Share your dilemmas and get honest opinions from other Mumsnetters.

To think there aren't enough decent men to go round?

290 replies

elementofsurprise · 17/03/2016 09:53

I am sick of men - haven't had a realtionship for ages, so it's not caused by any particular one, just a general observation of the crap specimens the patriarchy has produced.

Was hit on yet again last night by a man who seemed perfectly nice and intelligent and polite to start with but got weirdly pressuring and controlling when I tried to politely decline. Is it so impossible for men to actually be pleasant and get to know someone?
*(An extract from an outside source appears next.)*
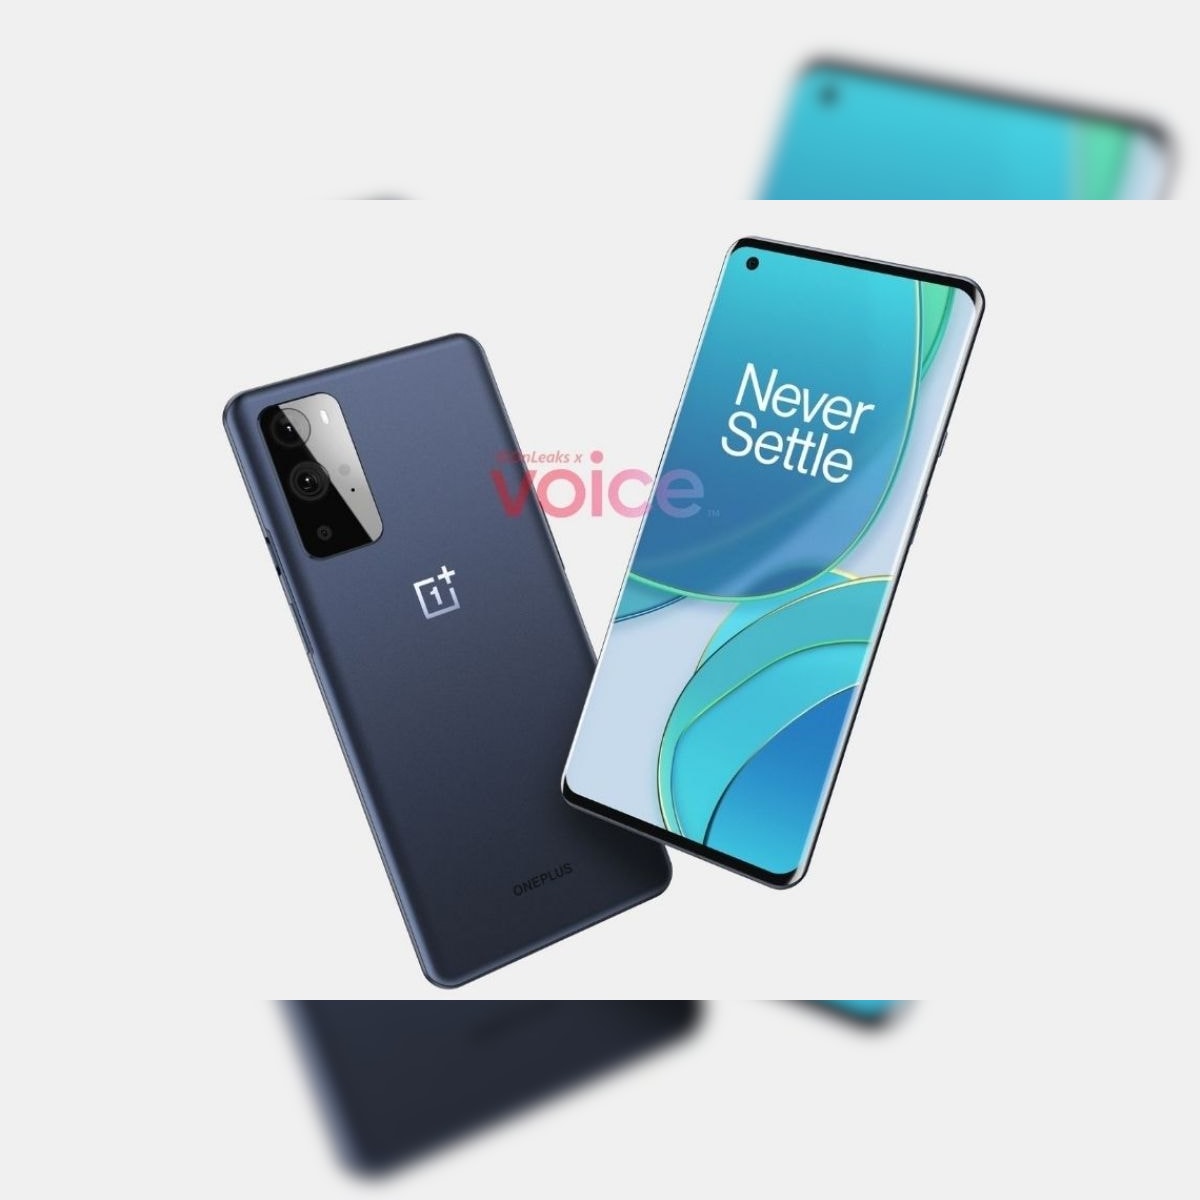 Oneplus 9 Lite With Snapdragon 865 Soc May Launch Alongside Oneplus 9 And 9 Pro
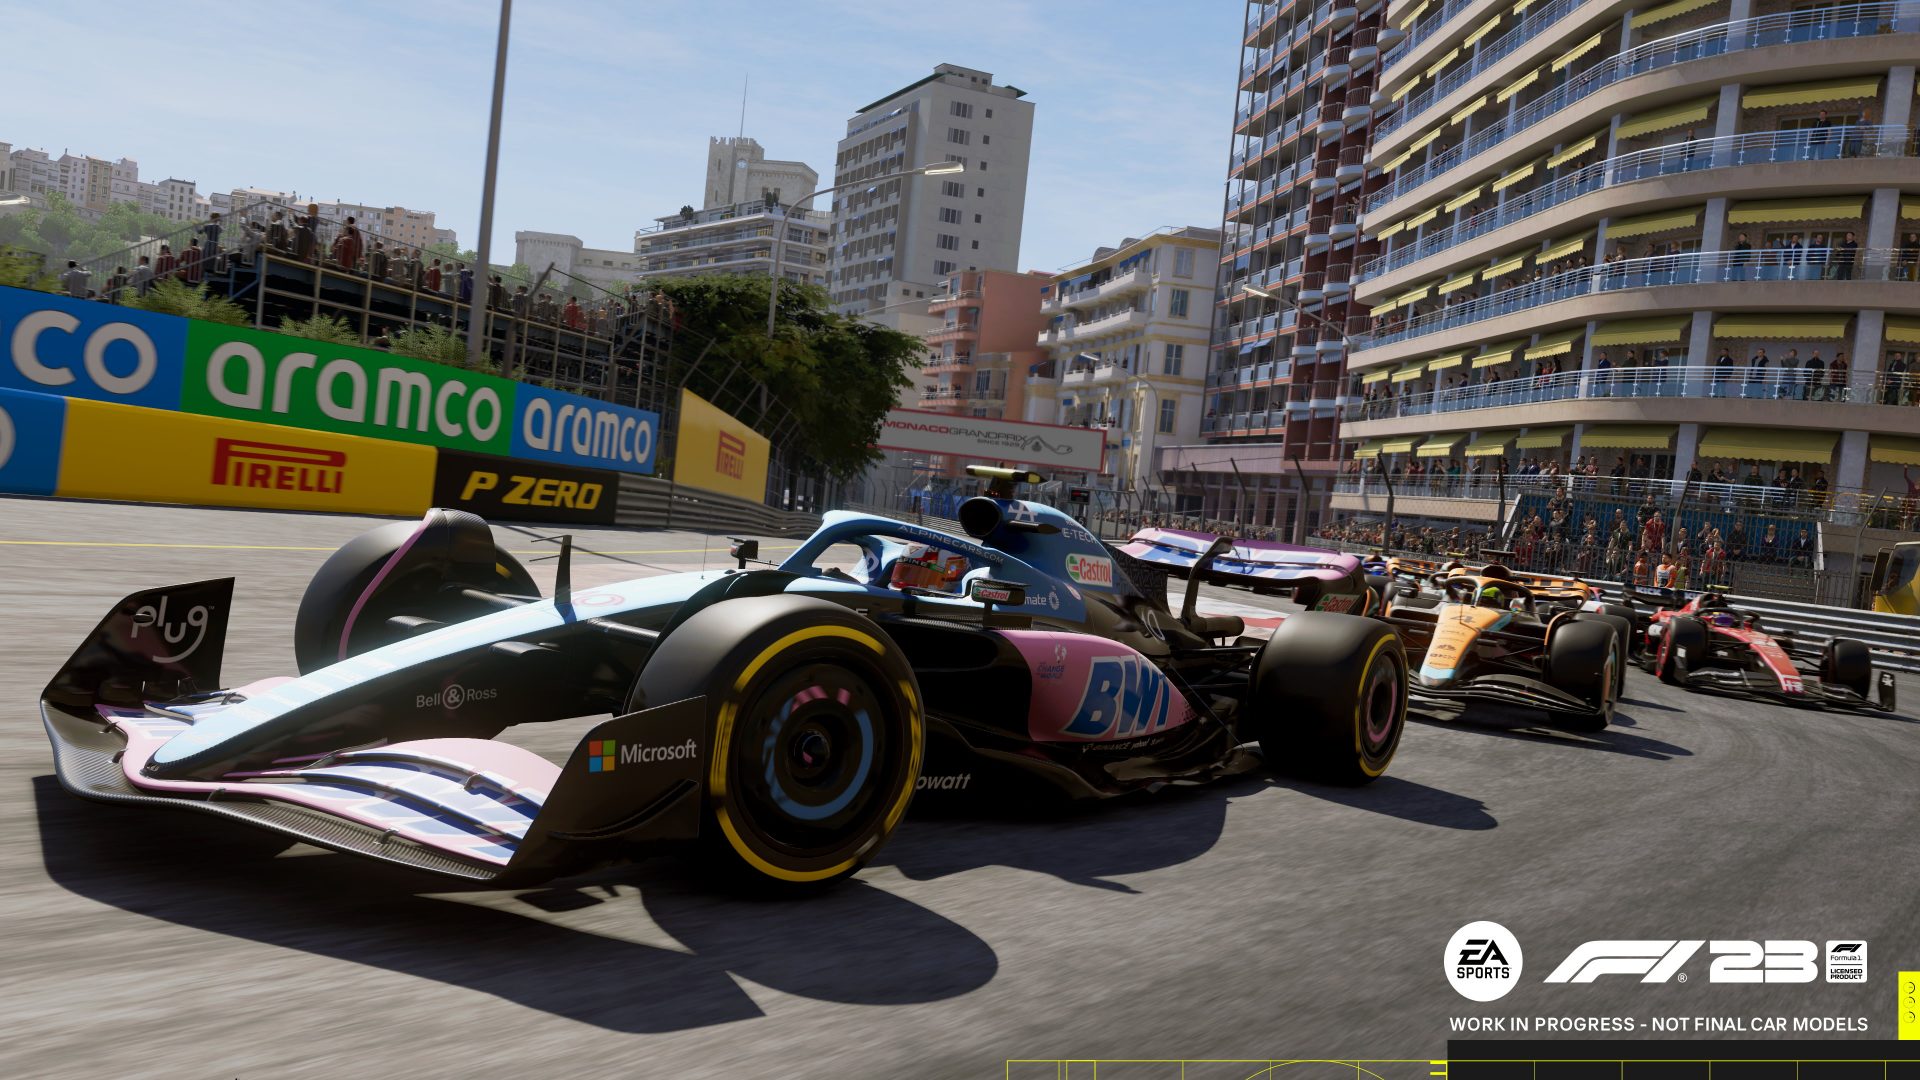 F1 23 trailer confirms June release date and return of story mode Braking  Point | VGC

Must they always think with their dicks? (Wasn't out partying btw!)

And the ones that appear to be pleasant functional human beings turn into childish selfish assholes after a while - is there a way to avoid this? Because being friends for months/years first (so you think you know them) just seems to lead to a situation which is a prolonged 'chase' for them and they don't want you once they have you... My last boyfriend treats his female friends far, far better than he treated me.

I am 30 and worried I will never have a partner, because the cliche appears to be true - "all the good ones are taken"! And there seems to be more nice, normal, considerate etc etc women around than men. Sadly I am coming to the conclusion that this isn't just perception, but due to societal expctations, meaning men are just more likely to be overgrown children/inconsiderate/selfish/poor lifestyle/alcholic/poor hygeine/other massive red flag etc.

Sigh.

OP posts:
Artandco · 17/03/2016 13:12

Kaz- Dh honestly does at least 50% domestic stuff. He cooks, cleans and does all child related stuff equally to me. We both work, but generally one works from home and one out 50/50. So whoever is at home balances childcare/ working from home/ cooking and cleaning. Then swap. We have a cleaner who does the bulk of cleaning for both of us though.

Katarzyna79 · 17/03/2016 13:16

you are very fortunate art very blessed. i don't know where the husband i married went, he used to help in the first few years of our marriage, now hes quite happy to do nothing in the house,and i have raised it kindly many times, evne recently.

I'm just bitter, resigned myself to the fact most men are like this except a few good uns.

MinniedeMinx · 17/03/2016 13:18

No one said all men are shit or that women are never shit. Confused
I know more self entitled cock lodgers and knob head men than I do nice ones.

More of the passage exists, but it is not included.